Partly because of high unemployment in the formal labor sector, the number of informal-sector workers swelled during the 1980s and early 1990s (see Income Distribution, ch. 2). These informal workers included some 900,000 street vendors in forty-five cities, with annual sales of about US$13 billion. The growth of the informal sector both reduced the state's tax revenue receipts and encouraged corruption among local officials.
Historically, real wages in Mexico have been subject to tacit understandings among government officials, the private sector, and labor union chiefs. During the 1940s and 1950s, these sectors forged an understanding whereby Central Bank and Treasury Ministry technocrats would control macroeconomic policy, business groups would refrain from open political opposition while gaining political access through officially recognized private-sector associations, and labor leaders would restrict real wage demands in exchange for additional patronage for distribution to workers. After falling sharply during the 1940s, real wages began to recover in the mid-1950s and continued to rise until the late 1970s, when the government responded to growing fiscal pressures by shifting resources away from the peasantry and the public sector. The government used its control of employment opportunities and the labor union movement to hold down wages throughout the 1980s in an effort to reduce inflation.
The average real wage in Mexico remained low in 1995, both in historical and international terms (see Income Distribution, ch. 2). The Confederation of Mexican Workers (Confederación de Trabajadores Mexicanos--CTM) noted that the average worker's purchasing power in 1993 was only 65 percent of its 1982 level.
Unemployment rose sharply during the six months following the December 1994 new peso devaluation, then receded somewhat between August and December 1995. Open unemployment (according to the government's narrow definition) dropped from 8 percent to 5 percent during this period, although it subsequently increased to an average of 6 percent during the first quarter of 1996.
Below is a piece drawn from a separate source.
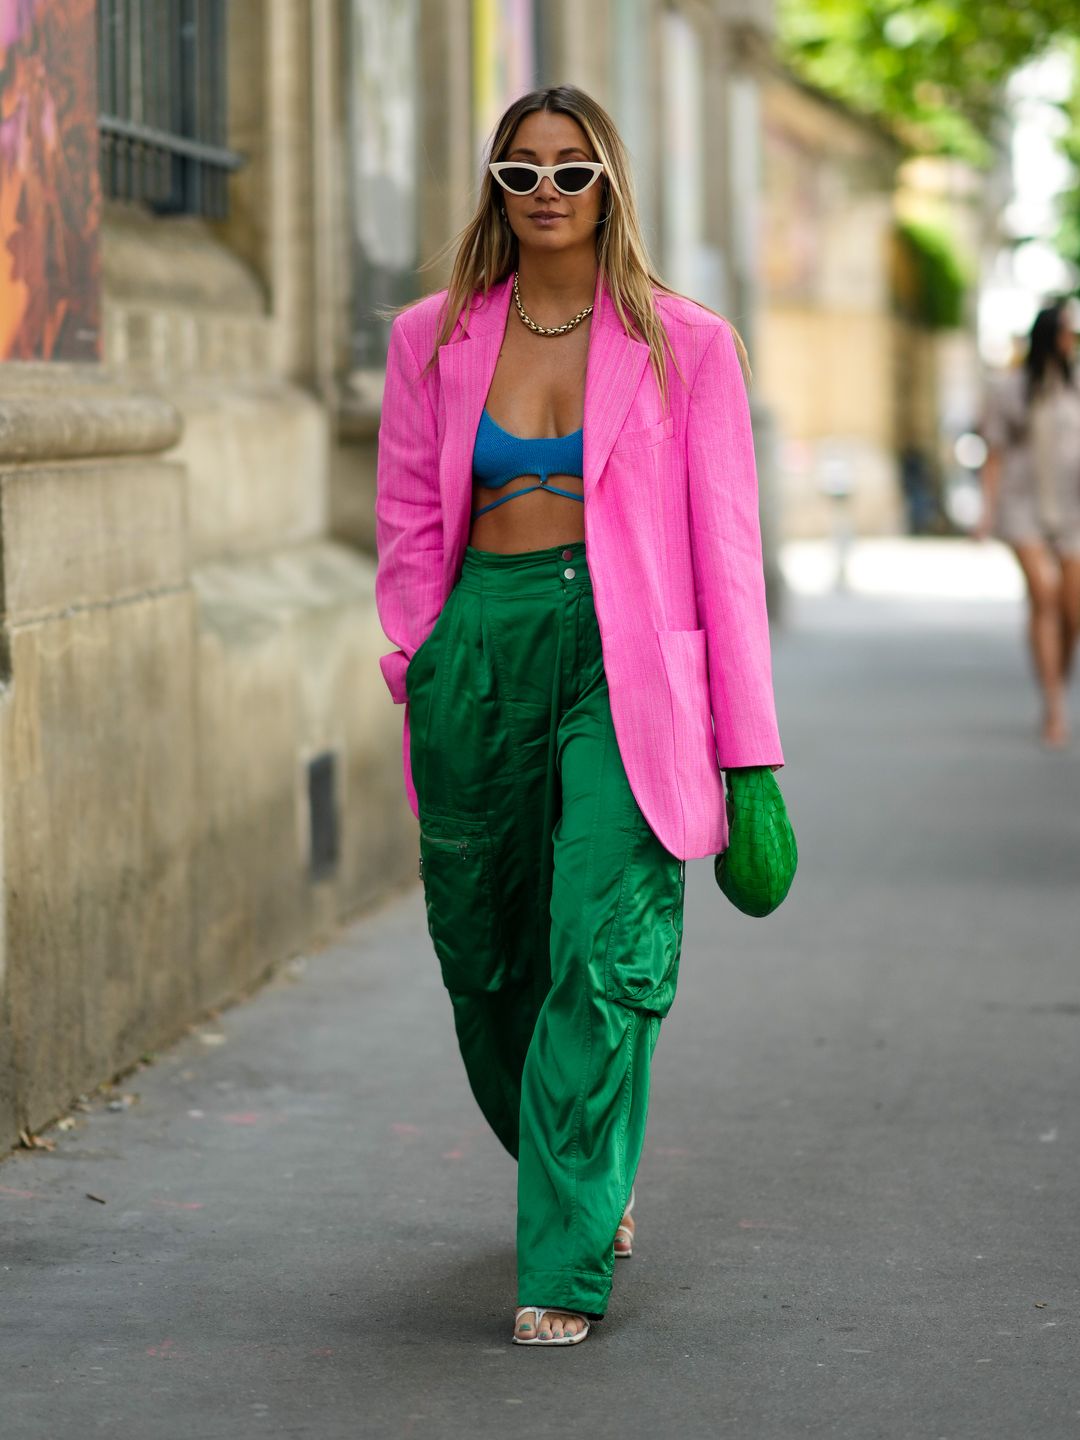 A Paris Fashion Week guest sports a pink linen blazer

Although the government increased the minimum wage by 21 percent during 1995, the cost of living rose by more than 50 percent as a result of the currency collapse. In September 1995, the minimum wage was sufficient to cover only 35 percent of workers' basic necessities, compared to 94 percent in December 1987. The government's anti-inflation APRE program called for the minimum wage to increase in line with projected inflation of 21 percent. The government also pledged to boost employment through fiscal incentives to encourage private investment and tax credits for companies that increased their workforce above the average level for the first three quarters of 1995. It also planned to expand public training programs for workers and to maintain its temporary public works programs (such as rural road conservation, which was expected to employ 140,000 people, as well as other temporary work programs that would employ 700,000).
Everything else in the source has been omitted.